Despite the challenges, the future for innovation diffusion in Indian health is bright. Vital lessons have been learned from collaborations within Indian healthcare as well as those with non-Indian health organizations. To move forward, three key areas of focus have been identified: new service models, creative partnerships, and commitment to change. The importance of care model change cannot be overemphasized. But care model change will not occur without new types of collaboration. Demographic and performance forces buffet delivery systems such that stable system change cannot occur without the ballast of partnership. Once established, partnership must receive steadfast support. Rural facilities should not be distracted from the path of change, as sustainable specialty service in many communities is impossible without a firm commitment to new clinical and business processes. For example, impulsive local hiring of the occasional specialist or clinician for a hard-to-fill clinical vacancy only hampers efforts to establish sustainable care models across a region. The path forward must be clearly defined and proactively protected. Mixing service and staffing methodologies from different delivery eras will halt spread.

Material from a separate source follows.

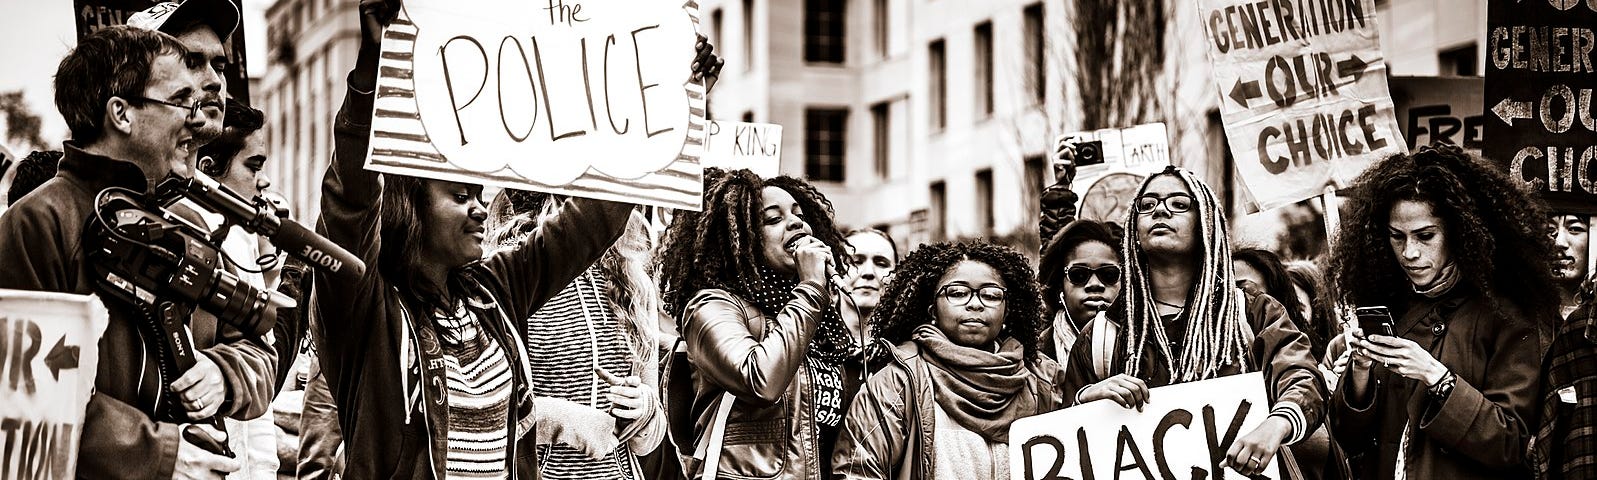 Mostly black women at a Black Lives Matter protest, with one holding a sign that says “Demilitarize the Police.”

Finally, context—at the national level—cannot be ignored. National reimbursement policy can accelerate care model change. There may be no better way to stimulate access to quality care for Native American communities than to expand telemedicine reimbursement policy for culturally sensitive service to those communities. Such policy will do more than stimulate innovation within Indian healthcare. It will also provide a vital opportunity for evaluation of policy change for all underserved communities. National study of the clinical and financial impact of expanded telehealth reimbursement within Indian healthcare will provide invaluable data regarding healthcare utilization, cost, and population health, data that may otherwise be unavailable from smaller tests of reimbursement policy change. Such an evaluation will inform further policy considerations, highlighting key opportunities for permanent policy change and additional study.
The spread and sustainability of telehealth innovation within Indian health depend on our collective commitment to change. The current path of change is being worn through incremental improvements in care models and collaborations. Not surprisingly, progress along that change path has been slow. The time has come for a new perspective. National policy change supporting the integration of telehealth innovation within new models of effective and efficient quality care is a necessary part of that new perspective.